But the "mostly" matters. Reviewing the generated output against KWI's actual theme exposed five gaps:

Gap 1: textTransform. Our spec had no concept of it. KWI's buttons are uppercase. We added baseTokens — a new section in the schema for properties that apply universally regardless of variant or size. That's where font-family, text-transform, and letter-spacing live.

Gap 2: Font family mismatch. The generator output Inter; KWI uses Helvetica Neue. This wasn't a spec bug — it was a token resolution issue. The spec references {font.family.sans}, which resolves to whatever the org's typography tokens define. Different org, different font. The spec is doing its job.

Gap 3: Hardcoded opacity. The disabled state had "opacity": "0.5" — a literal value with no Figma origin. I initially "fixed" this by creating an interaction.json token file with opacity.disabled and opacity.loading tokens. That was wrong.

Gap 4: The opacity token was invented. This was the session's most important correction. I caught myself inventing a token that doesn't exist in Figma. In a design system, when a button is disabled, the visual treatment is defined by the designer through color variables — colors that already have the reduced alpha baked in.

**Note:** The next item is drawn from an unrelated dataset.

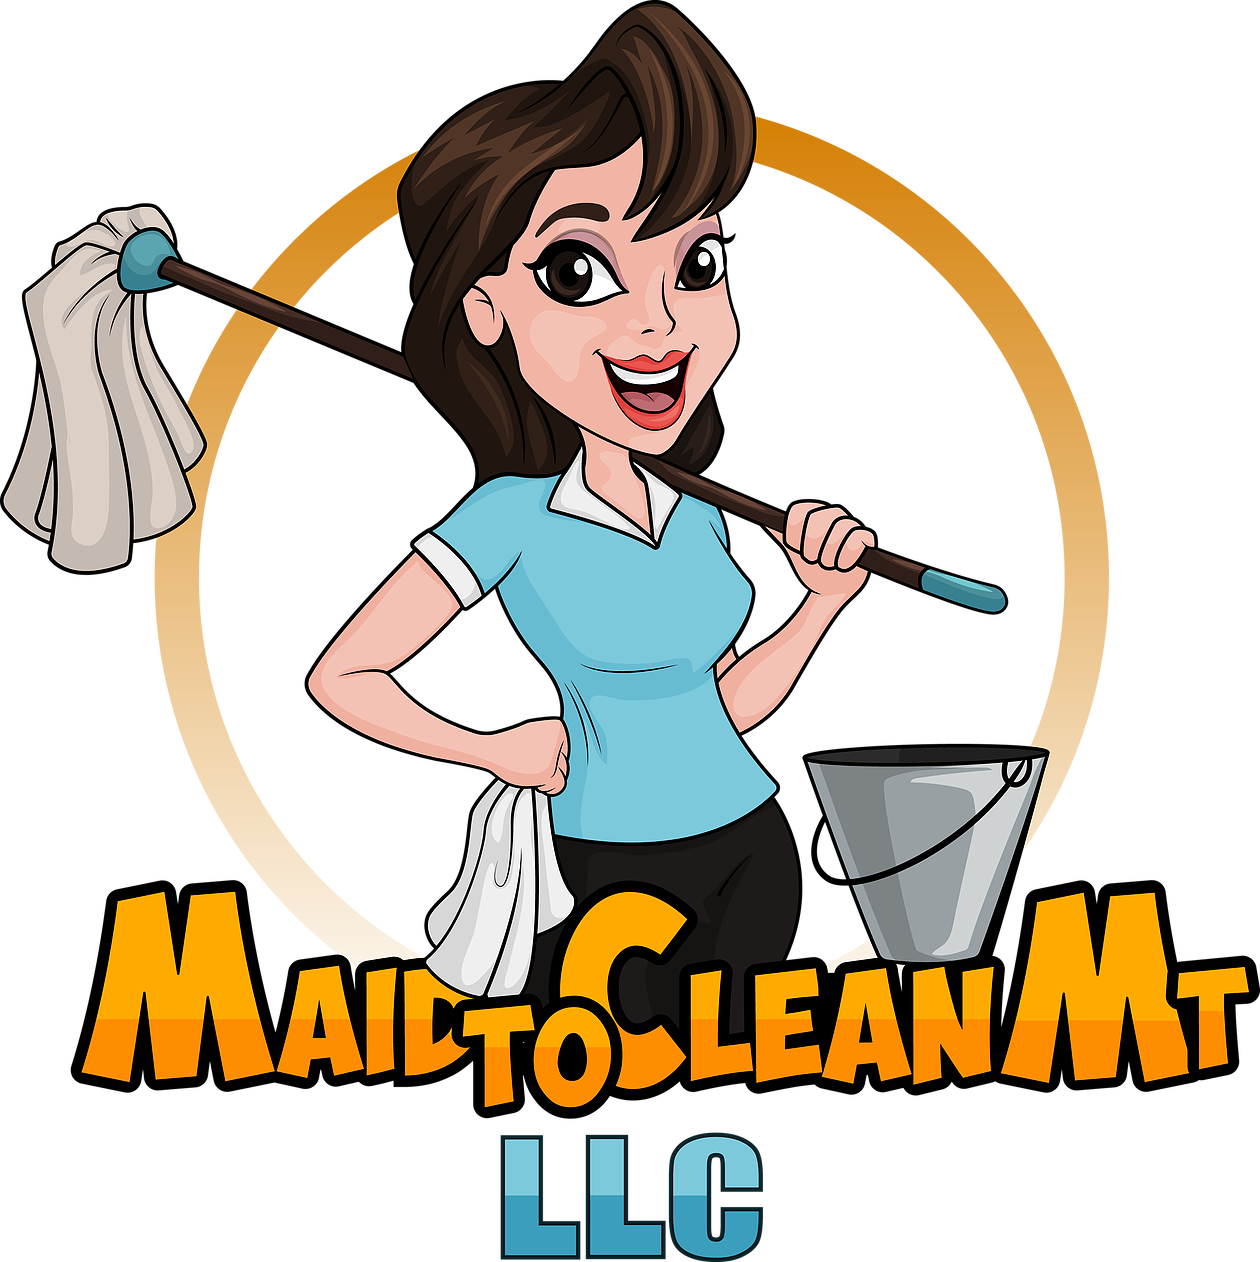 laundry clipart cleaning house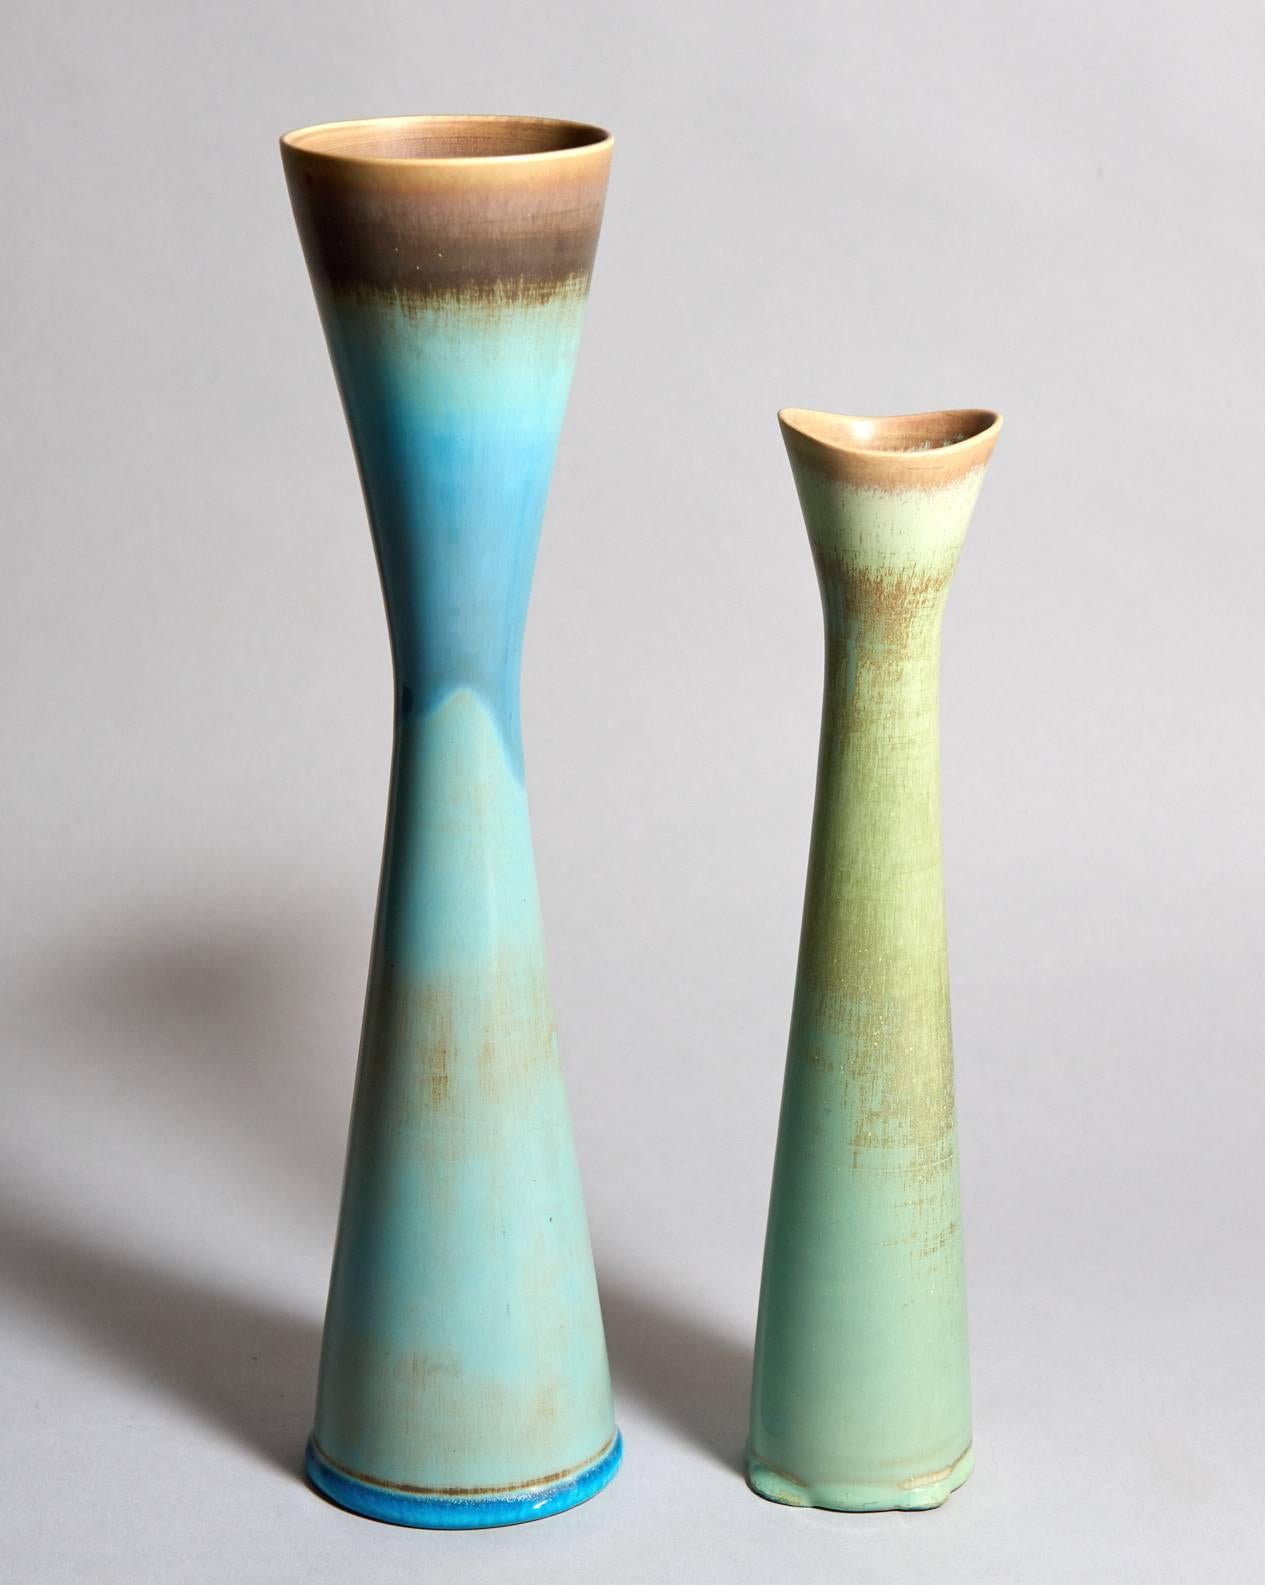 Prof. Stig Lindberg (1916-1982) was a man of very many talents, and his restless creativity yielded an amazing variety of objects. Their wide range of form, surface detail, and glaze color makes any grouping of these unique stoneware studio vases a

A disabled button's background isn't "the primary color at 50% opacity." It's a specific color token like {color.state.disabled.bg} that the designer chose in Figma. Creating a standalone opacity token breaks the pipeline's fundamental rule: everything traces back to Figma. If Figma doesn't define it, it doesn't exist in the token layer.

We deleted the interaction.json file and updated the disabled/loading states to reference color tokens instead.

Gap 5: Optional vs. mandatory fields. KWI doesn't define focus ring styling; we did. The schema already supports this (focus tokens aren't required), but it raised the question of how the generator handles missing tokens. Answer: if the org's tokens don't resolve, the generator skips that section and the framework's defaults apply.

These weren't failures — they were exactly what a proof of concept is supposed to surface. The binding layer works. The gaps it exposed made the spec better.

Part 8: The Phase 3 Shape

Phase 3 is bigger than one deliverable. It breaks into two parts:

Part 1: Prove the architecture (one Button, vertical slice)

3A — Spec schema format (the blank form — what fields, what structure) ✓
3B — Binding format (how the spec maps to MUI, proven with one Button) ✓
3C — Extraction pipeline (Figma MCP data → auto-drafted spec) ✓

Part 2: Scale to the component library (many components)

3D — Bulk spec generation (Claude reads Figma components, drafts specs)
3E — Spec validation (are the auto-generated specs correct and complete?)
3F — Binding generation at scale

Part 1 is the proof of concept. Part 2 is the product. We're not perfecting — we're shipping.

Part 9: 3C — Figma Extraction (The Scary Part)

This was the part that felt like jumping off a cliff. Everything up to now was structured — JSON schemas, binding maps, generator scripts. This was: point the Figma MCP at a real component and see what comes back.

I dropped in a link to KWI's Button component in Figma. Three MCP tool calls later, I was looking at real data:

get_variable_defs returned the actual Figma variables bound to that Button instance: semantic/surface/primary (#1166dd), semantic/content/onColor (#ffffff), fontFamily/Base (Helvetica Neue), fontWeight/medium (500), and a composite typography token called Merx/button/medium with font size, line height, and letter spacing.

get_design_context returned something even more useful — generated React code showing the Button's internal structure (container → state-layer → label), plus literal style values (uppercase text-transform, 4px border radius, 16px horizontal padding, cursor: pointer). And the variant properties from Figma: Style=Filled, State=Active, Show Icon=False, Icon Position=Hidden, Hover=False.

That variant property list is the extraction pipeline's cheat code. It tells us the component set has five axes: Style, State, Show Icon, Icon Position, Hover. Those map directly to our spec structure — Style maps to variants, State and Hover map to interaction states, Show Icon and Icon Position map to icon slots.

The extraction script (extract-figma-spec.mjs) takes this raw MCP data and transforms it into a spec draft. Running --demo with the KWI Button data produced a draft that validates against our schema. It captured:

Component identity with the Figma node ID and file key populated
The primary (Filled) variant with real token bindings from Figma variables
baseTokens: Helvetica Neue, uppercase, 0.15px letter spacing
Slots: label, iconLeading, iconTrailing (inferred from variant properties)
One size entry from the instance dimensions
Placeholder interaction states inferred from the State and Hover axes

What it can't extract: behavioral states (destructive, disabled, loading), accessibility requirements, composition rules. Those are design decisions that live in my head, not in Figma's data model. The extraction does the tedious part; I do the judgment part.

The Figma variable naming (semantic/surface/primary) doesn't match our token path naming (color.brand.primary). That's expected — every org names differently. The extraction script maps between them. That mapping is itself a piece of org-specific configuration, like the binding layer.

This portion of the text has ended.